**Source material**
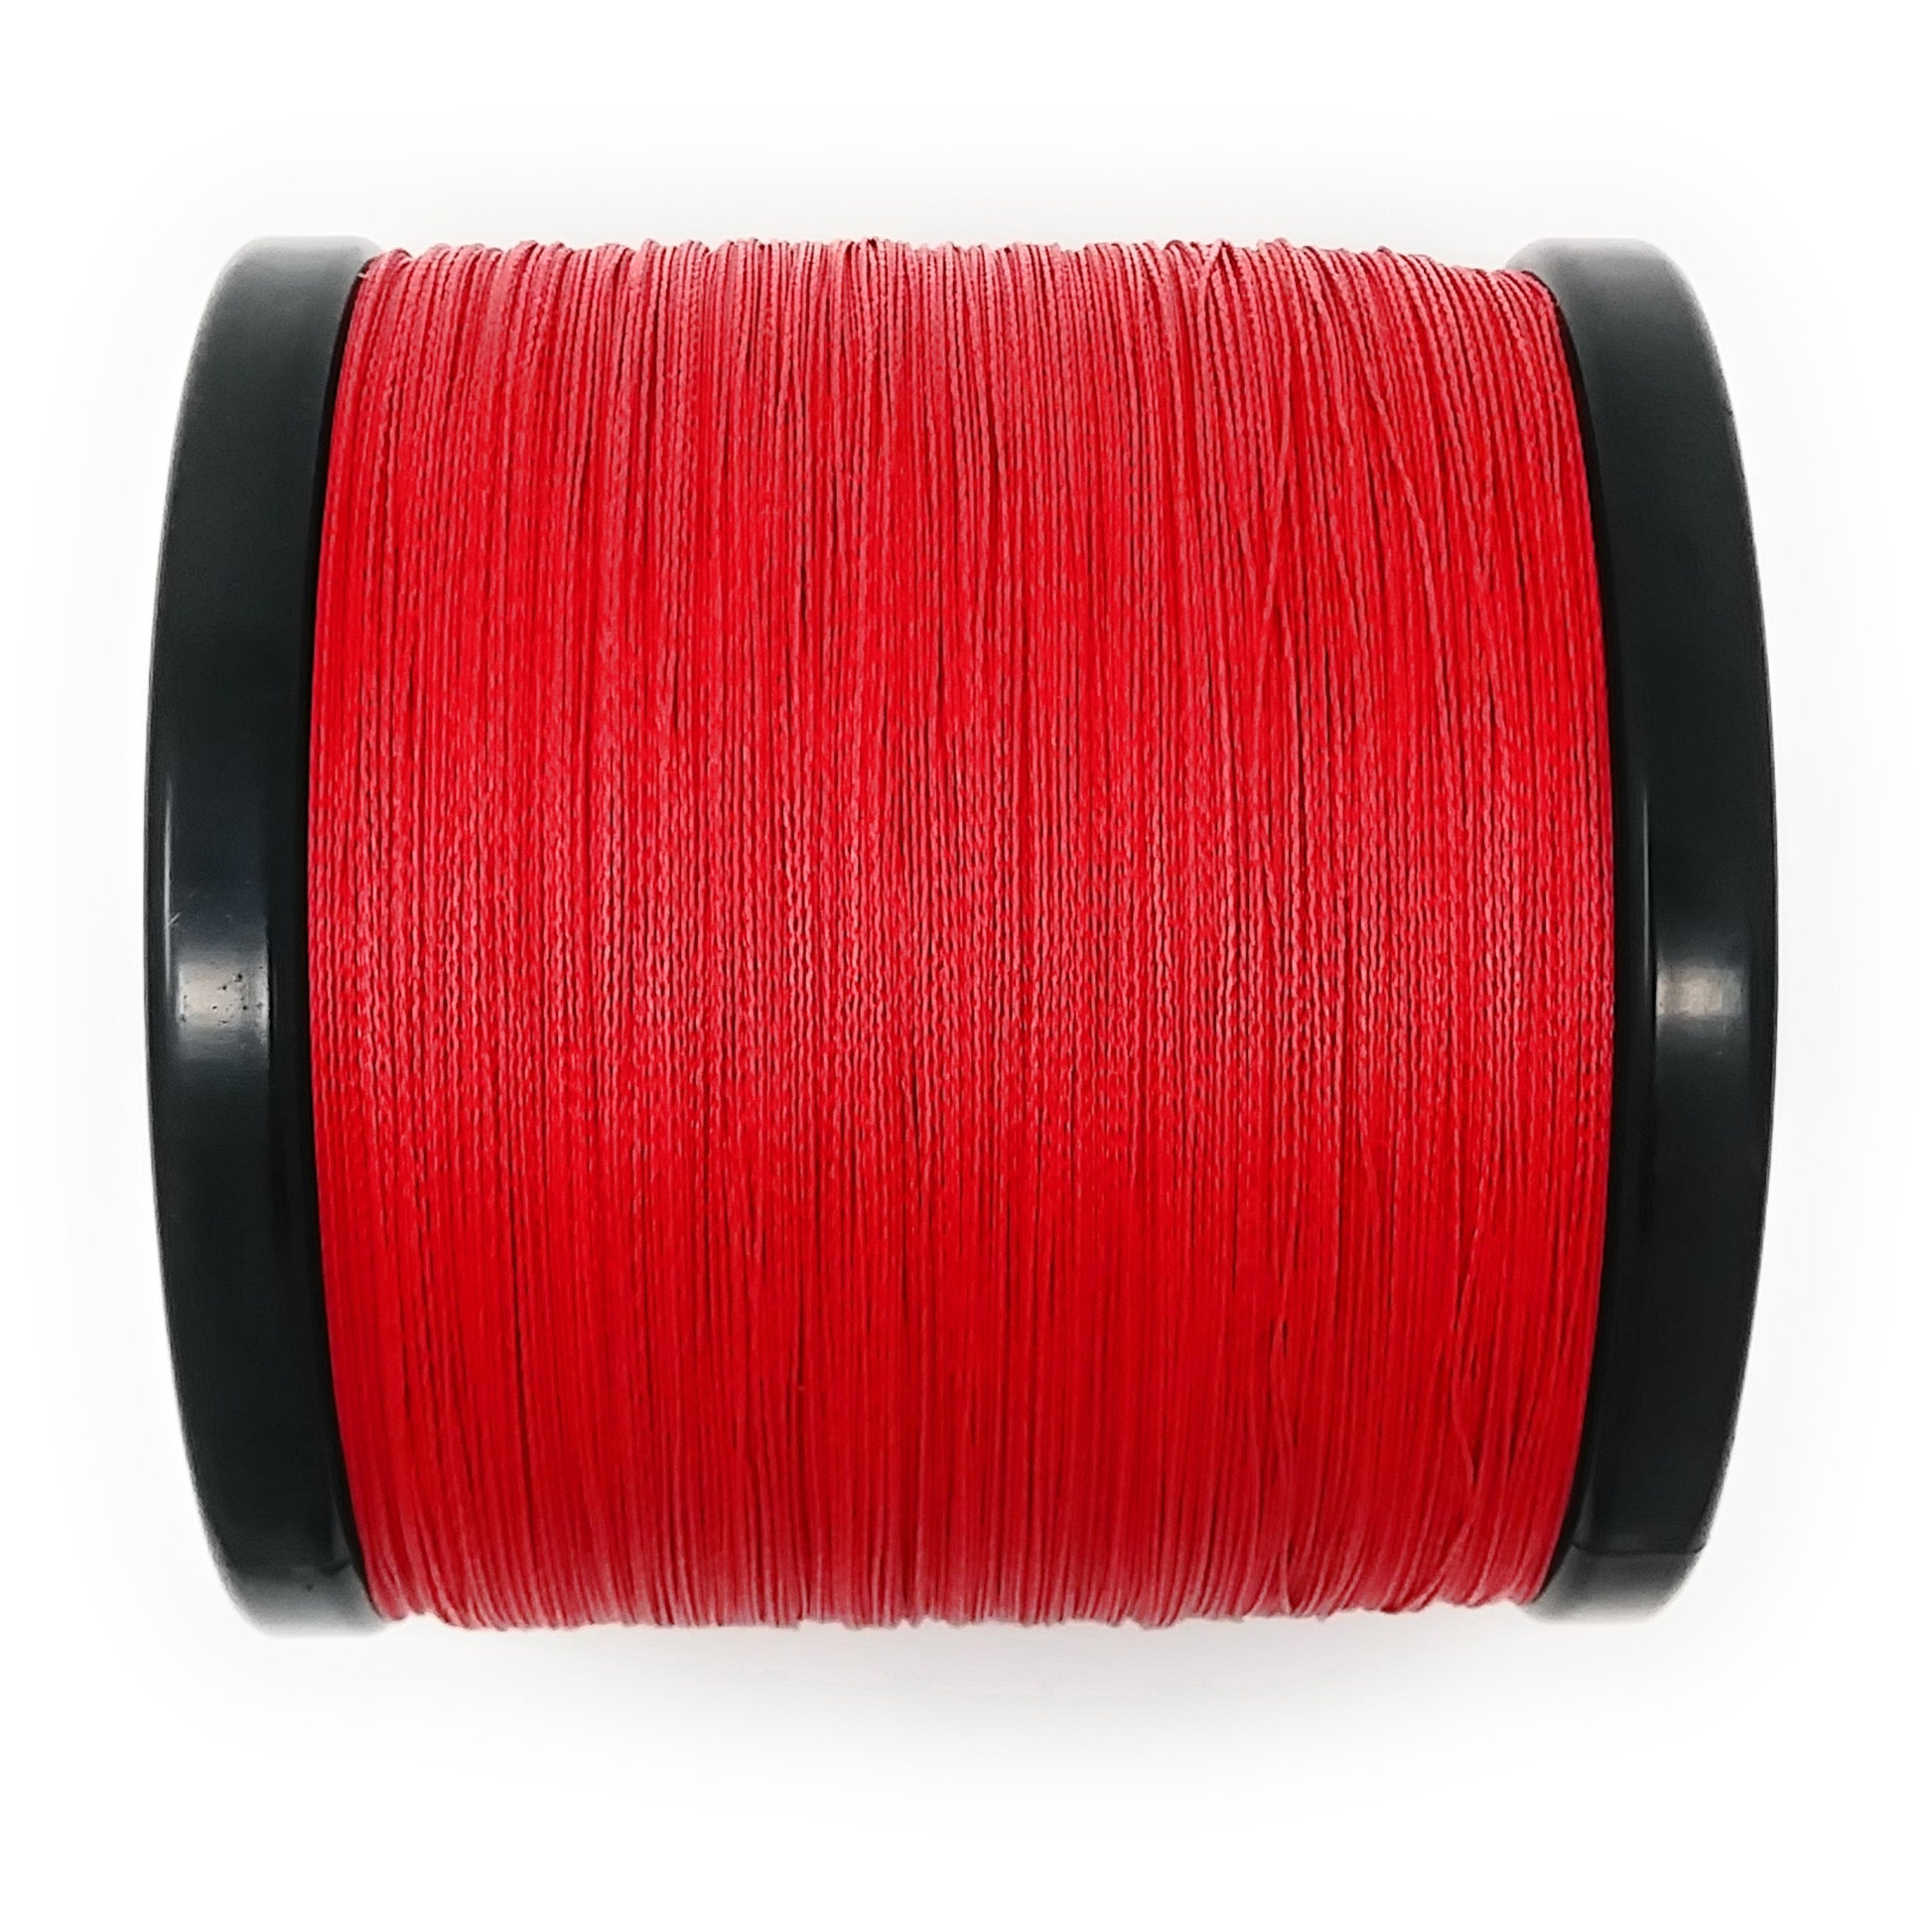 Reaction Tackle No Fade Red 10lb 1500yd, Size: 10 lbs
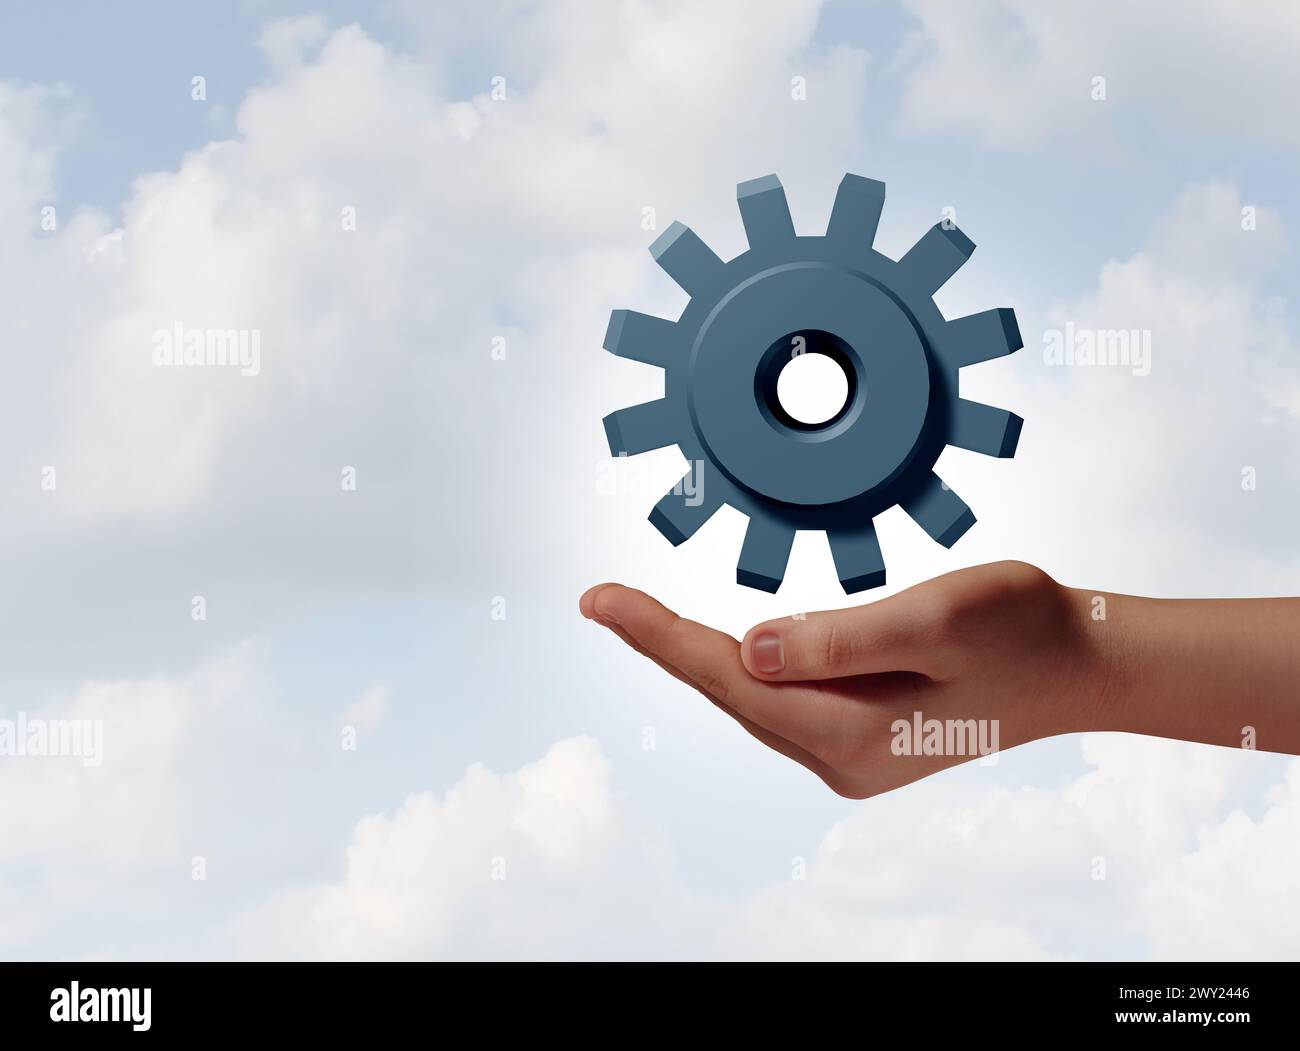 Business Workflow And Automation as a hand holding a cog representing a manager or management optimization concept as a problem solver and troubleshoo Stock Photo
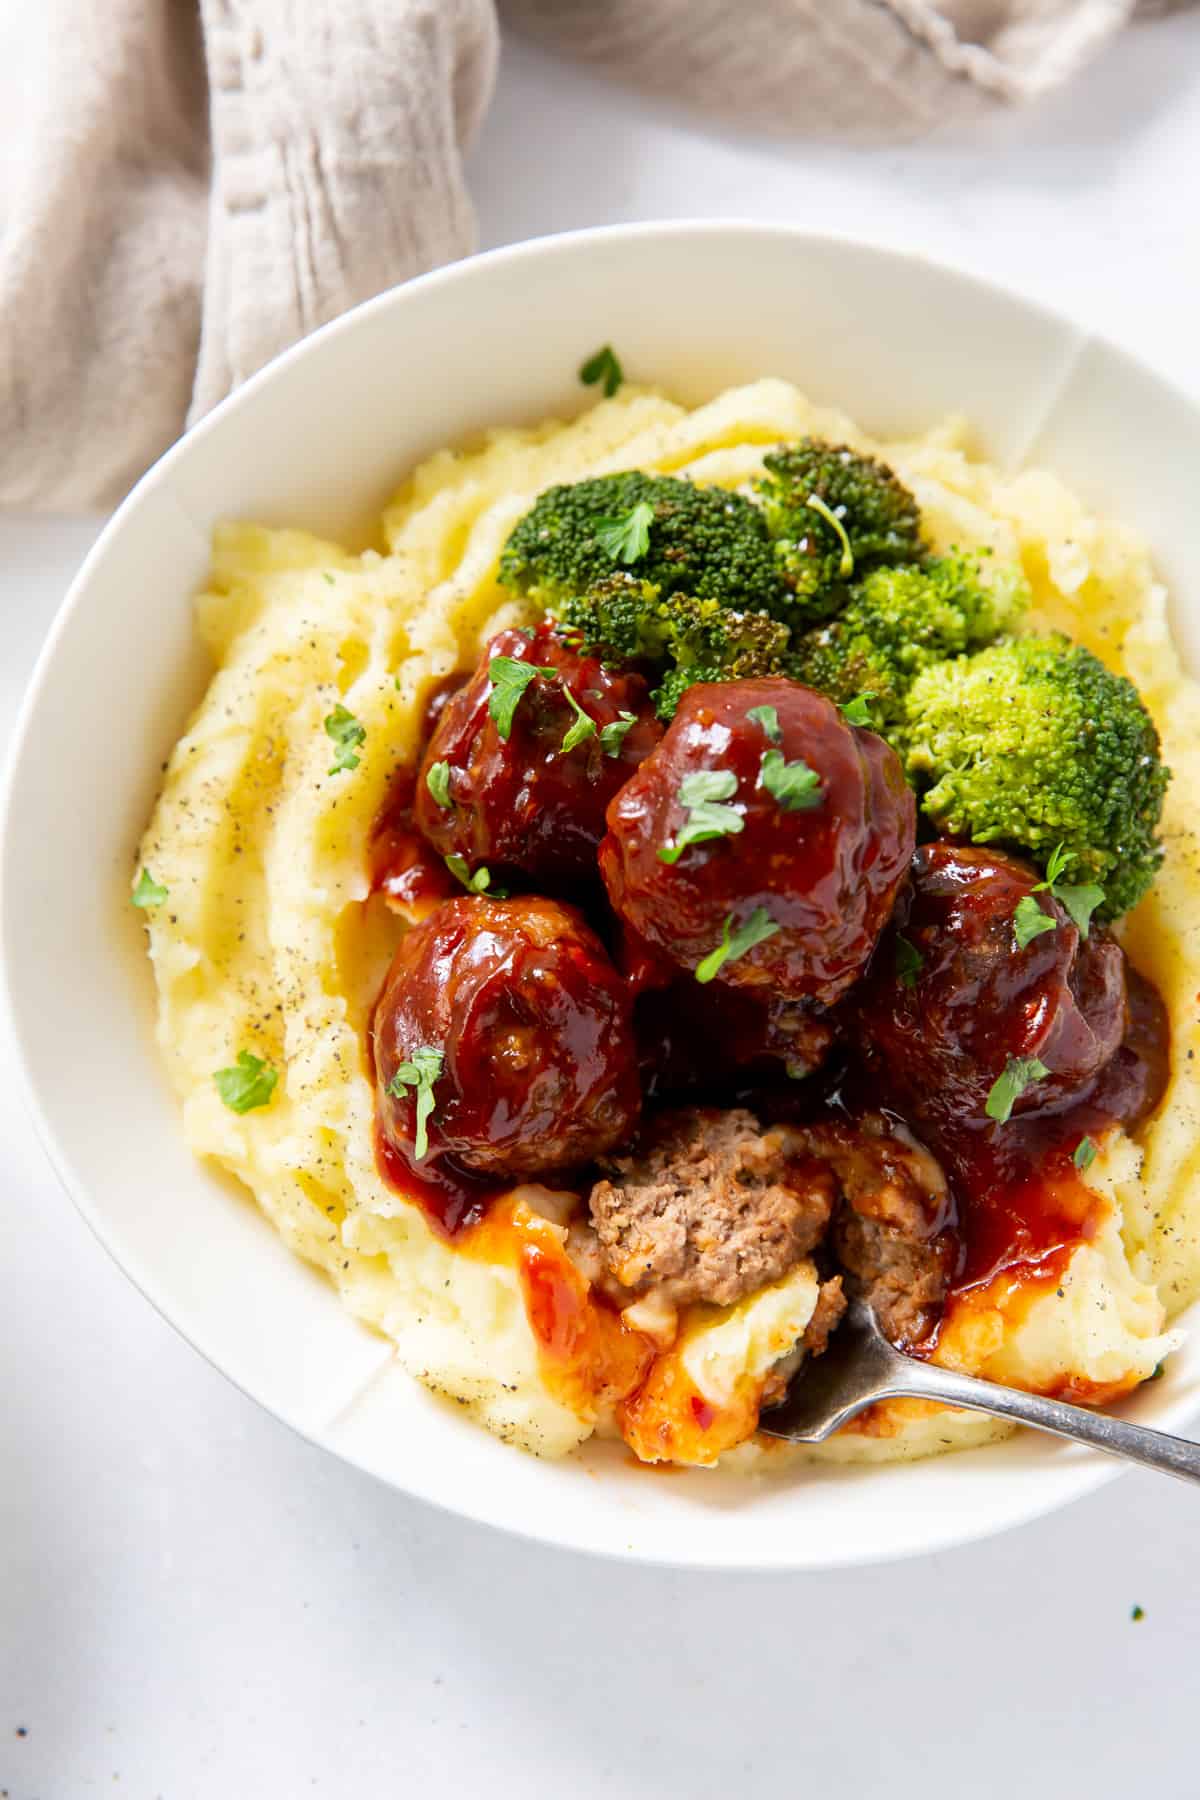 A fork breaking into a meatball in a bowl with mashed potatoes.
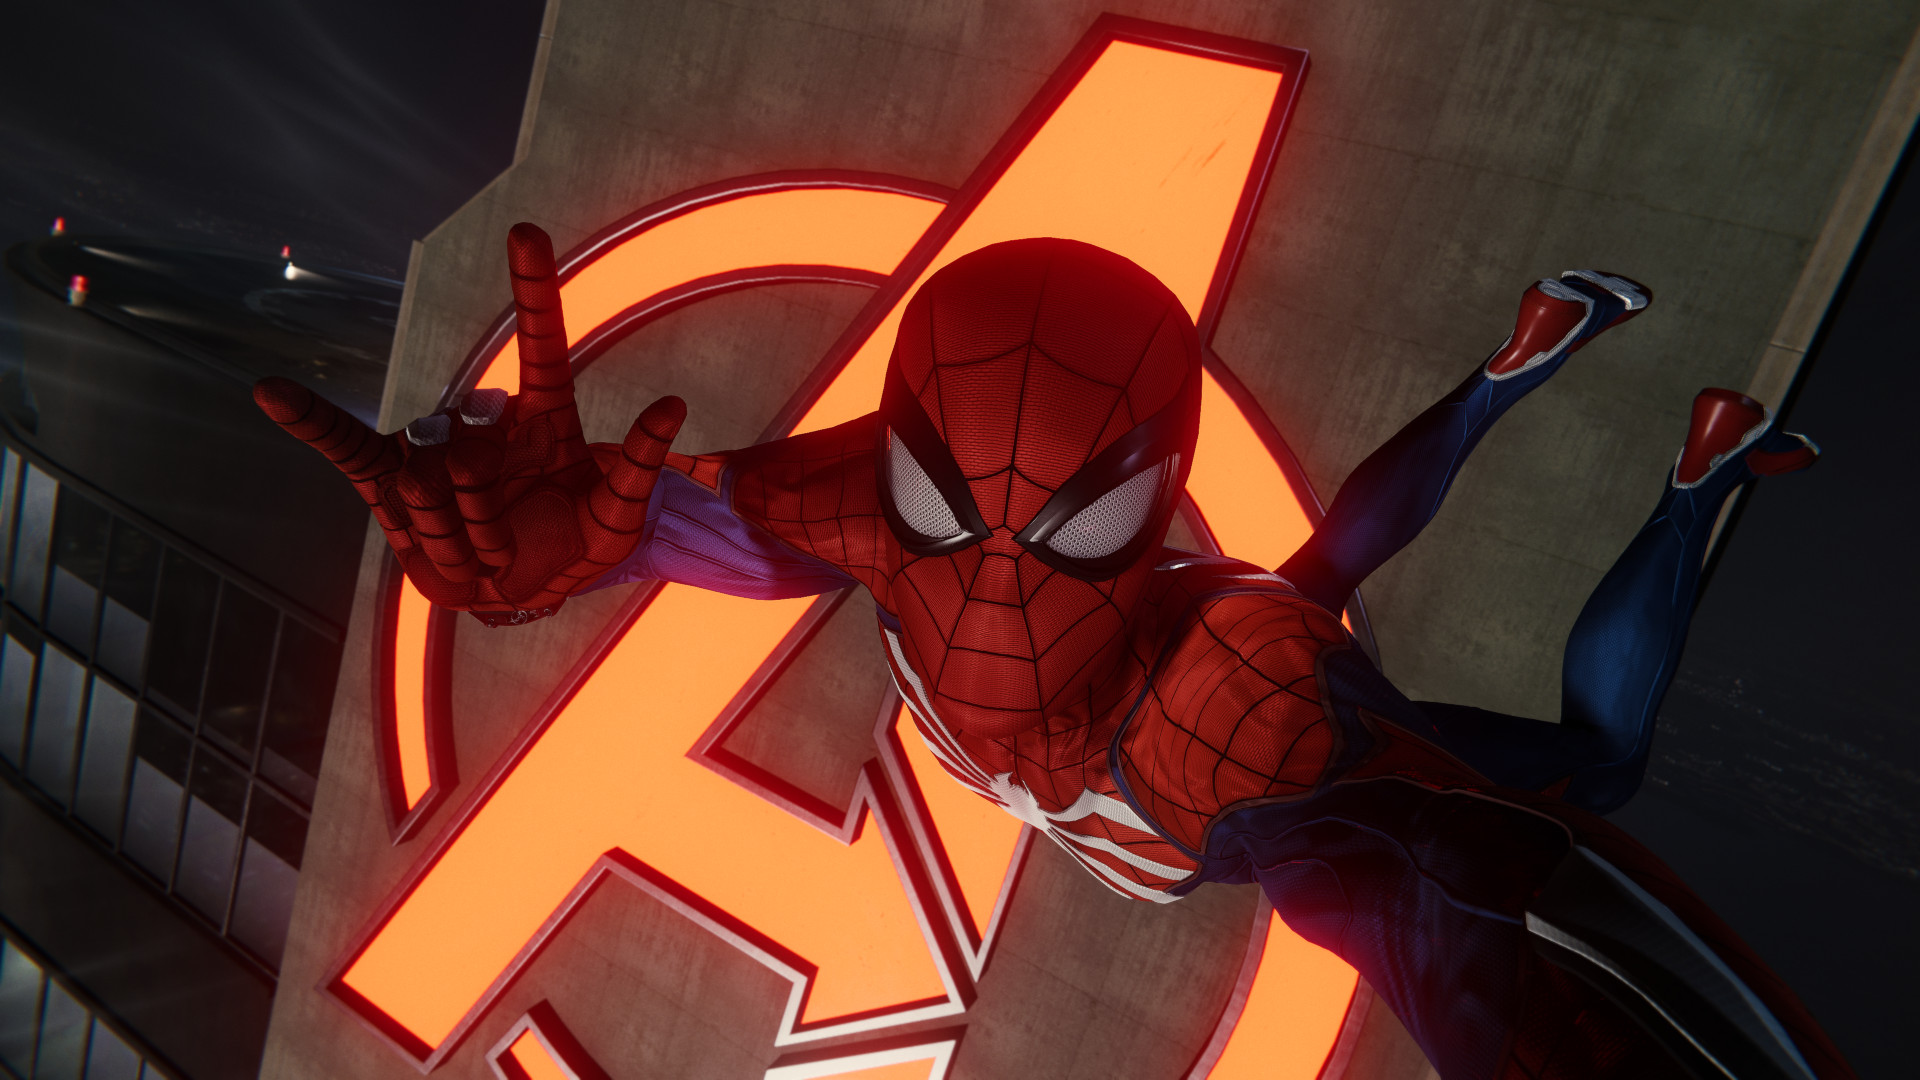 Marvel's Spider-Man Remastered PC review: A selfie of Spidey, giving us the horns with his right hand, against the neon glow of the Avengers Tower

**Directions**
Give the listing above again in its entirety, exactly as written and free of images.

**Response below**
 Reaction Tackle No Fade Red 10lb 1500yd, Size: 10 lbs
 Business Workflow And Automation as a hand holding a cog representing a manager or management optimization concept as a problem solver and troubleshoo Stock Photo
 A fork breaking into a meatball in a bowl with mashed potatoes.
 Marvel's Spider-Man Remastered PC review: A selfie of Spidey, giving us the horns with his right hand, against the neon glow of the Avengers Tower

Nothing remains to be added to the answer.